Bob Phillips, the executive director of the nonpartisan voting rights organization Common Cause North Carolina, called the ruling a “shameful decision in favor of sore loser Jefferson Griffin” in a statement.

“This poorly conceived decision is an extreme overreach and sides with a sore loser candidate over the citizens of our state,” Phillips said. “If allowed to stand, the ruling would inject chaos into North Carolina’s elections in ways that could disenfranchise tens of thousands of lawful voters and invite similar challenges nationwide.”

At the heart of the issue is the North Carolina State Board of Election’s decision to count some 60,000 ballots cast by voters with allegedly incomplete registrations, along with several thousand more ballots by overseas voters who didn’t provide their photo ID with their absentee ballots or by overseas voters who never resided in North Carolina. 

Per the appeals court’s ruling, the roughly 60,000 voters with incomplete voter registrations will be given 15 days to fix their ballots, as will military and overseas voters who did not provide proper photo ID. Ballots cast by North Carolina residents who live overseas but have never lived in the state will not be counted.

One of the GOP judges in the majority on the ruling, Judge Fred Gore, ran a “joint campaign” with Griffin and other GOP appellate court candidates in 2020. That was the first time judges campaigned together on a party platform.

“Changing the rules by which these lawful voters took part in our electoral process after the election to discard their otherwise valid votes in an attempt to alter the outcome of only one race among many on the ballot is directly counter to law, equity, and the Constitution,” Democratic judge Toby Hampson wrote in a lengthy dissent. 

Hampson noted that the majority’s ruling imposes a remedy on the issue “without thought or care for its impact on the people its decision truly impacts: the voters.” He described a host of scenarios in which people’s vote will be disenfranchised: voters who died since election day, voters who have moved since election day, servicemembers living abroad in unsafe locations who are “unable to jump through the judicial hoops the majority now puts in their way.

“Make no mistake: should the majority’s decision be implemented, the impact will be to disenfranchise North Carolina voters even though they were eligible to vote on election day,” he wrote.

The case will next go to the state Supreme Court, on which Republicans maintain a 5-2 majority.
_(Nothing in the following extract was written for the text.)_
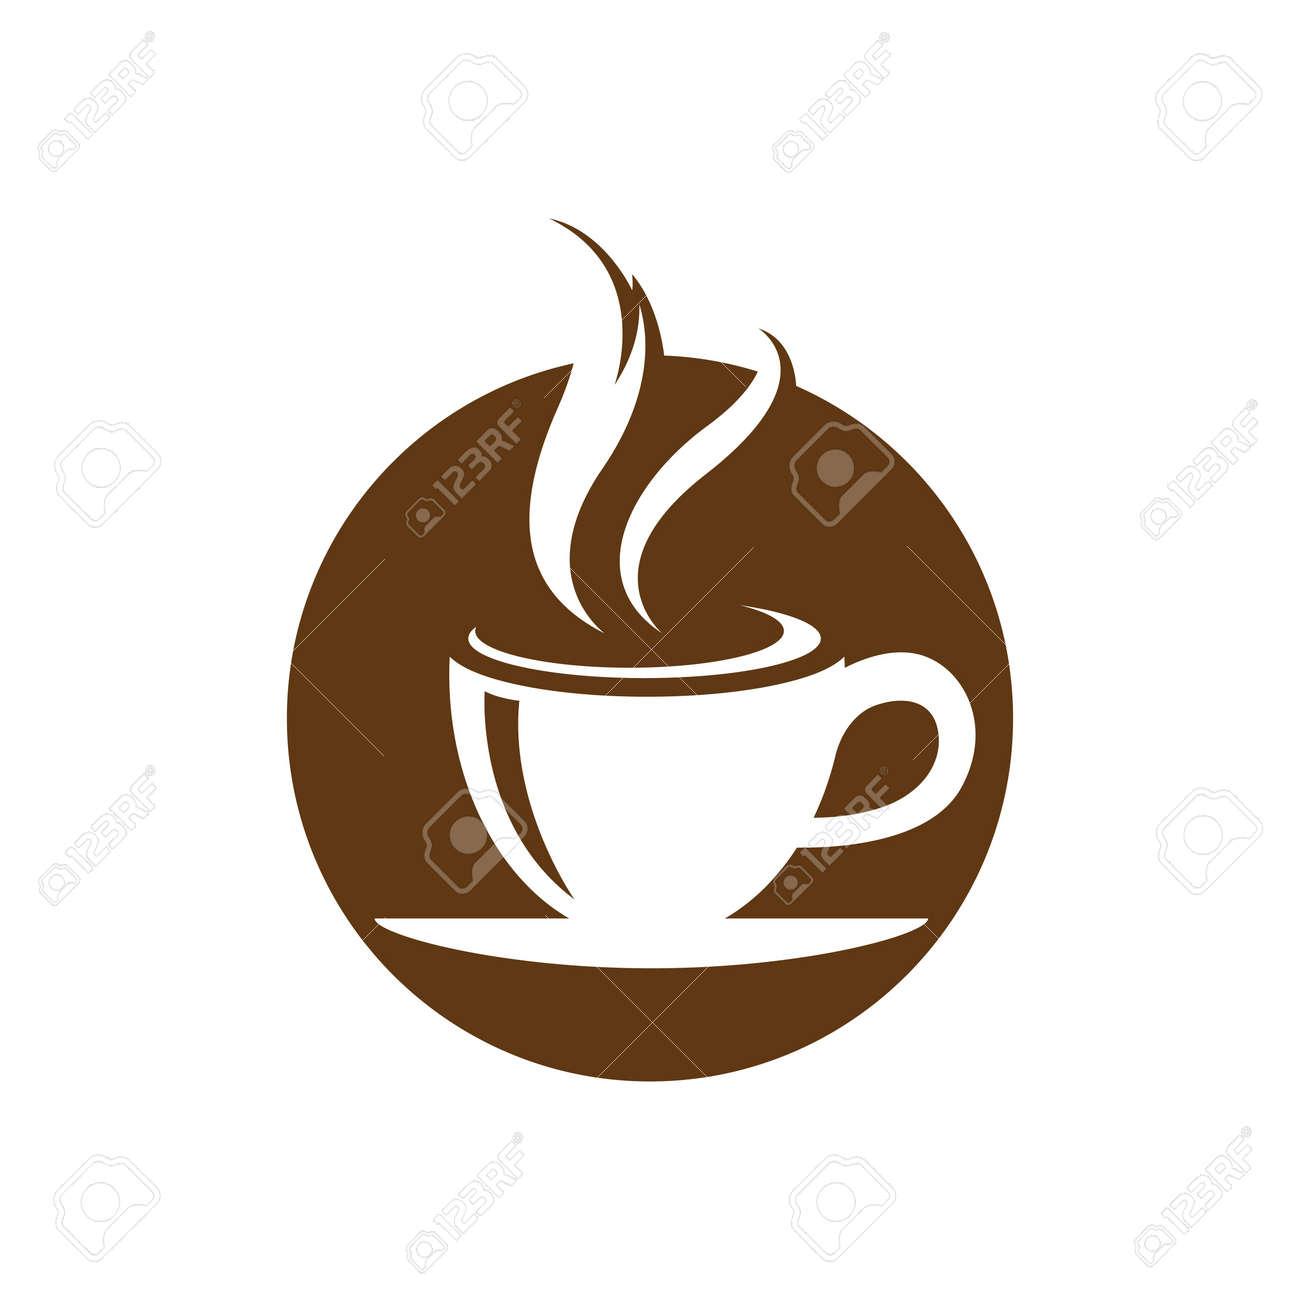 Coffee cup logo images illustration design - 172261487
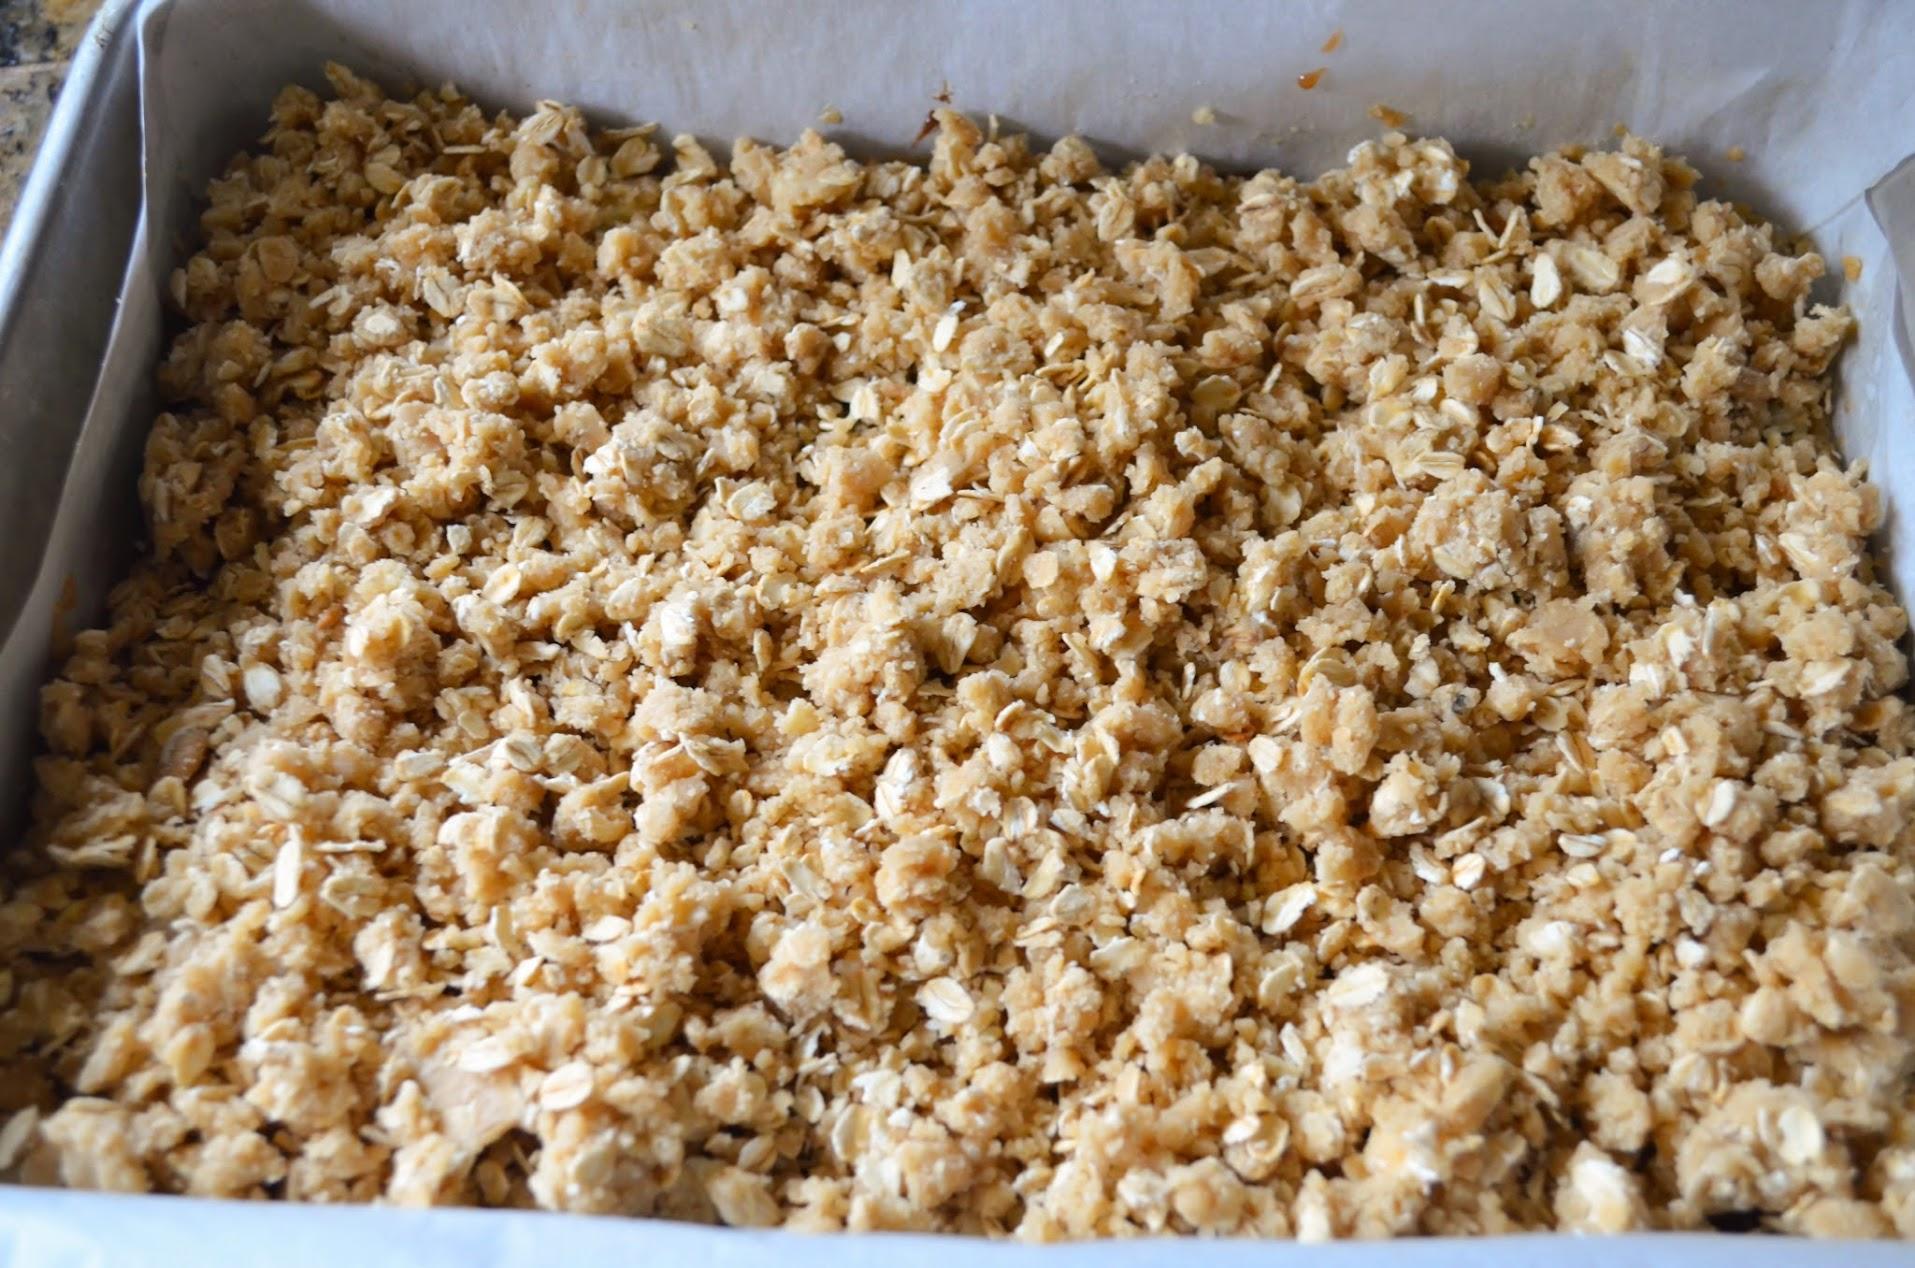 Oatmeal-Chocolate-Caramel-Carmelitas-Sprinkle-Oatmeal-Crust.jpg

However, Justice Riggs has recused herself from the challenge, so only six justices would hear the appeal, which could result in a 3-3 split ruling. 

“The court didn’t throw out 65,000 ballots, but it’s requiring all of those voters to jump through more hoops to have their vote counted,” Billy Corriher, the state courts manager for the People’s Parity Project and a Democracy Docket contributor, said in a social media post. “NONE of these voters broke the rules.”

Until the appeal is filed to the state Supreme Court, however, Riggs’ campaign will be boots to the ground to try and track down all the voters whose ballots can be cured. “I do think Riggs will have a chance with this ballot cure push, but it will be so tough,” Corriher, a veteran North Carolina advocate on behalf of progressive causes, told Democracy Docket.

The election law scholar Rick Hasen said Friday’s ruling could also lead to a revival of the federal case over the election. “To me this has remedies (sic) of Roe v. Alabama, where a state court appeared to violate due process in changing the rules for a state election after the fact,” Hasen wrote online. “The state courts may be violating federal law by disenfranchising voters in this way.”

Anderson Clayton, chair of the North Carolina Democratic Party, said in a social media post that the court has effectively disenfranchised “voters from LAST year’s election.”

“North Carolina Democrats WILL fight this decision,” Clayton added. “But make no mistake, the statewide court of appeals bench has cowered to political pressure and corruption from their own party. The NCGOP and RNC are trying to steal an election and test the waters for future election denial.”

Latest update, April 7, 11 a.m.: The Riggs campaign and the NCSBE appealed the ruling to the state Supreme Court.